Commercial and Residential Projects
The redevelopment project must be located in a qualifying economic and redevelopment and grant incentive area (See Program Rules link below).
The developer must not have commenced any construction at the site of a proposed redevelopment project prior to submitting an application, except that if the NJEDA determines that the project would not be completed otherwise, or in the event the project is to be undertaken in phases, a developer may apply for phases for which construction has not yet commenced, subject to N.J.A.C. 19:31-4.6(a)2.
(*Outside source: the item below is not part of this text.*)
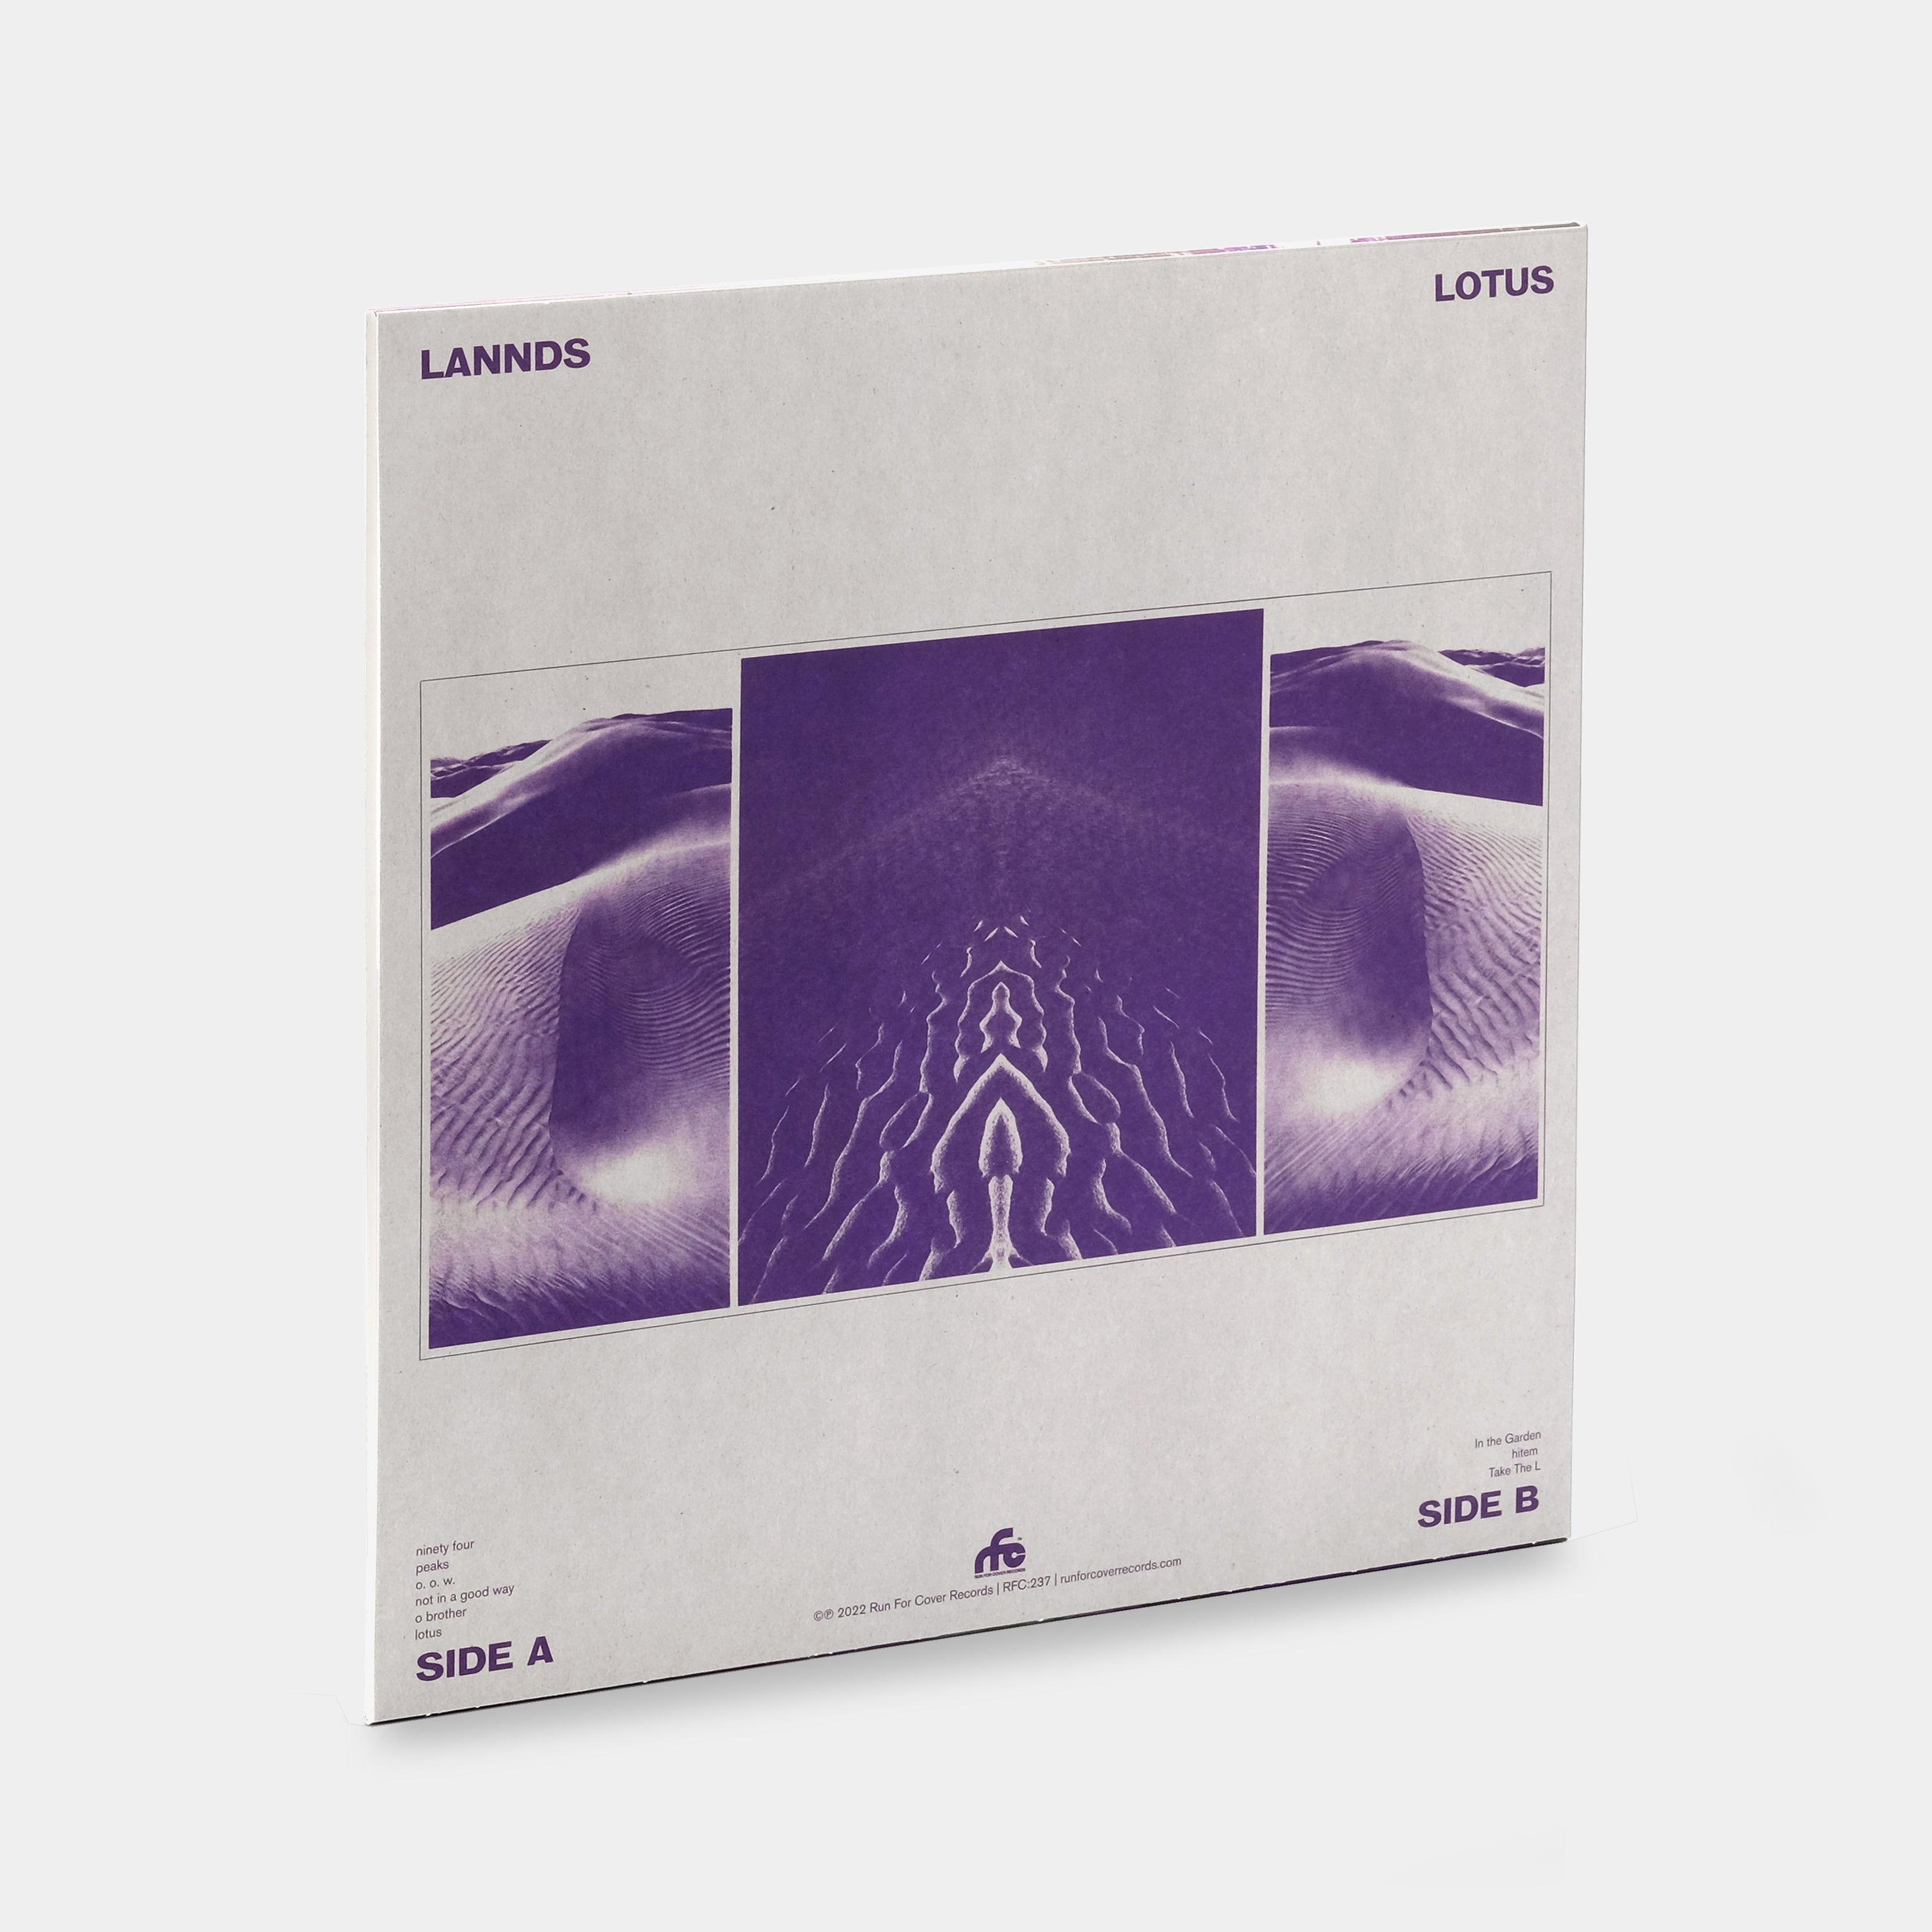 LAANDS - lotus deluxe LP Pink Vinyl Record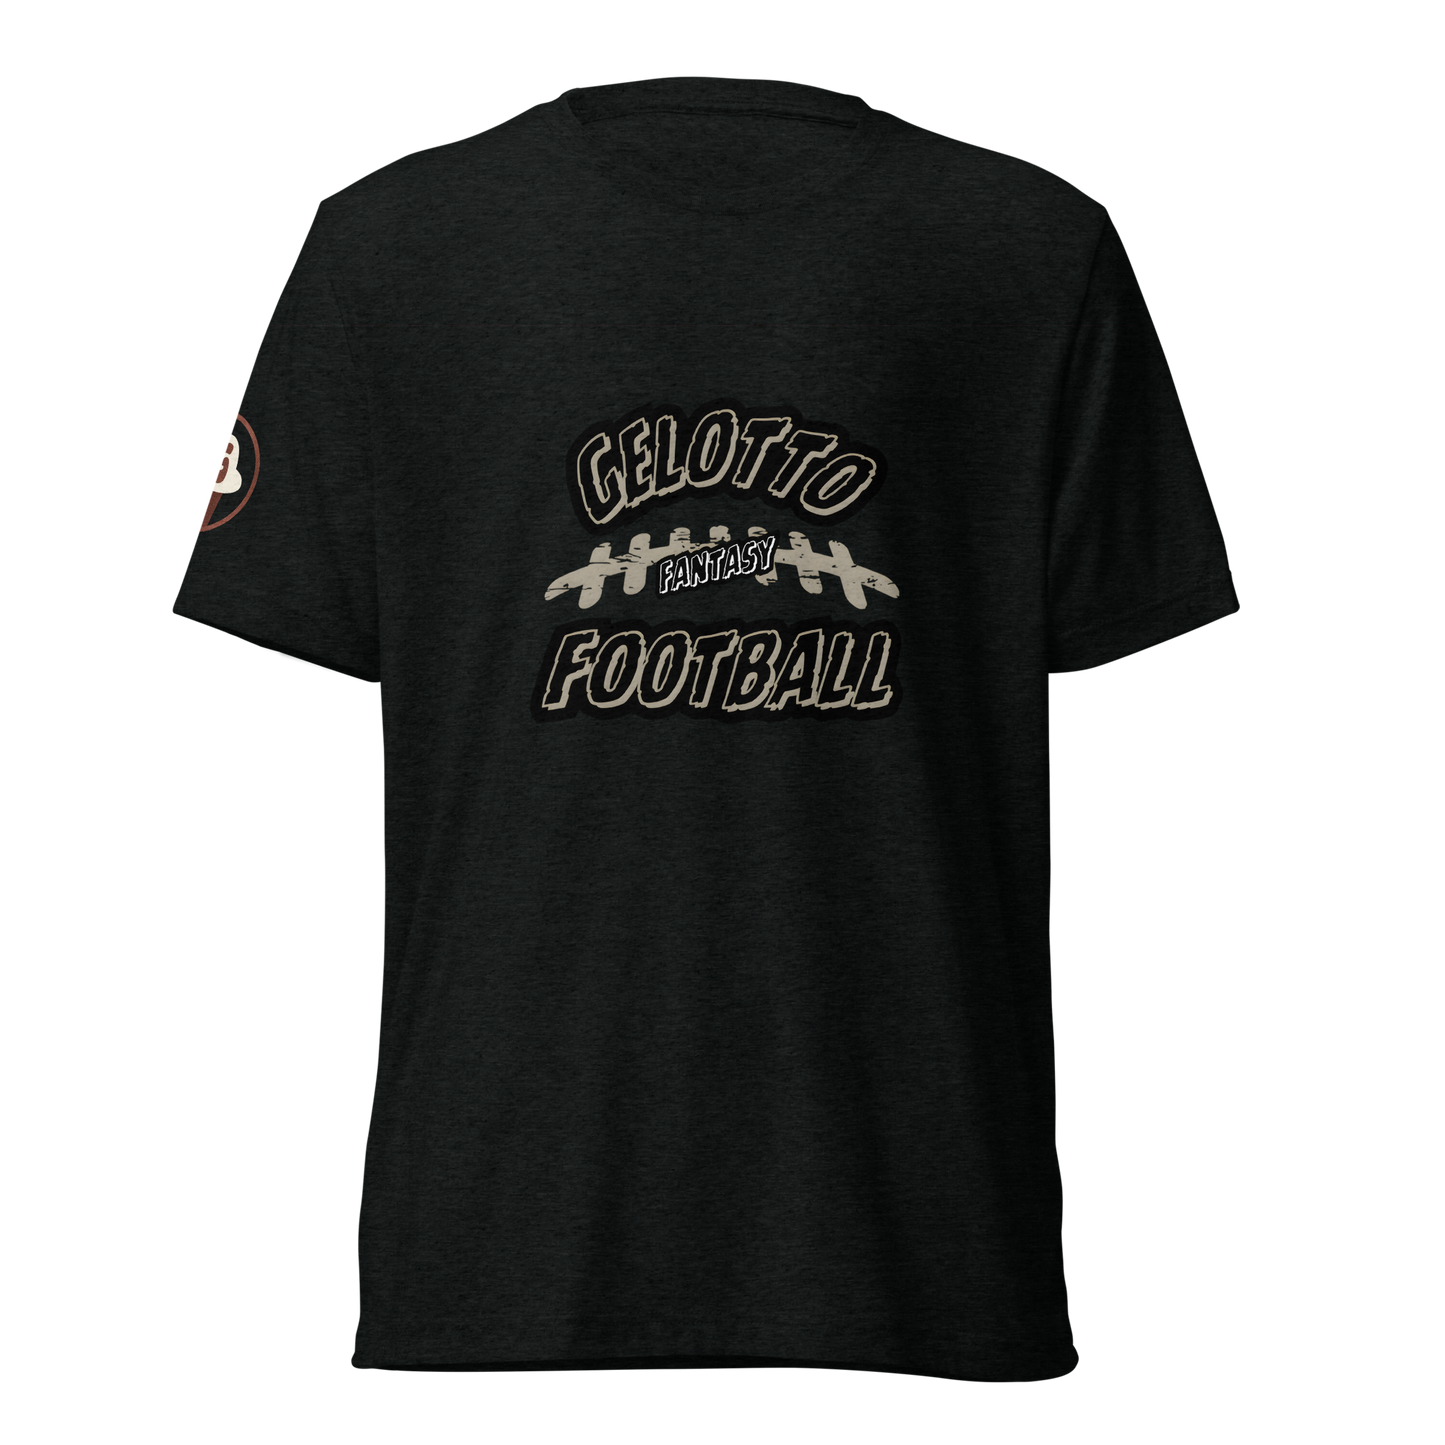 Super Soft Fantasy Football Short sleeve t-shirt

A project financing gap must exist. ERG is an incentive for real estate development projects that have a financing gap, defined as having insufficient revenues to support the project debt service under a standard financing scenario. It can also apply to projects that have a below market development margin or rate of return. The grant is not meant to be a substitute for conventional debt and equity financing, and applicants should generally have their primary debt financing in place before applying. In order for a project to be approved, it needs to undergo a rigorous analysis of the sources and uses of funds, construction costs and projected revenues. All of these metrics are compared to industry standard measures.
All projects must meet Green Building Requirements. For guidance on these program requirements, please click here. For questions regarding these requirements, please contact your NJEDA Business Development Officer.
Any construction contracts associated with the project must use prevailing wage labor rates and meet affirmative action requirements.
The developer must submit satisfactory evidence of actual project costs, as certified by a certified public accountant and evidence of a permanent certificate of occupancy, or such other event evidencing project completion as set forth in the incentive agreement, prior to the first disbursement of funds under the agreement or issuance of the tax credit under the approval letter, as applicable.
All commercial projects are subject to an analysis to verify that the revenues the State will realize from the project will be greater than the incentive being provided and an Internal Rate of Return (IRR) Hurdle Rate model to determine a funding gap. The Net Benefits analysis, developed by the NJEDA, utilizes employment statistics from current Regional Input-Output Modeling System II (RIMS II) data from the US Bureau Economic Analysis.
Pursuant to a net benefit analysis, the overall public assistance provided to the project will result in net benefits to the state.
There are no minimum Total Project Cost requirements under the commercial component of the ERG program.
For any project consisting of newly-constructed residential units, the developer shall be required, pursuant to P.L. 2008, c. 46 (N.J.S.A. 52:27D-329.9) to reserve at least 20% of the residential units constructed for occupancy by low or moderate income households, as those terms are defined in section 4 of P.L. 1985, c. 222 (N.J.S.A. 52:27D-304), with affordability controls as required under the rules of the Council on Affordable Housing, unless the municipality in which the property is located has received substantive certification from the council and such a reservation is not required under the approved affordable housing plan, or the municipality has been given a judgment of repose or a judgment of compliance by the court, and such a reservation is not required under the approved affordable housing plan.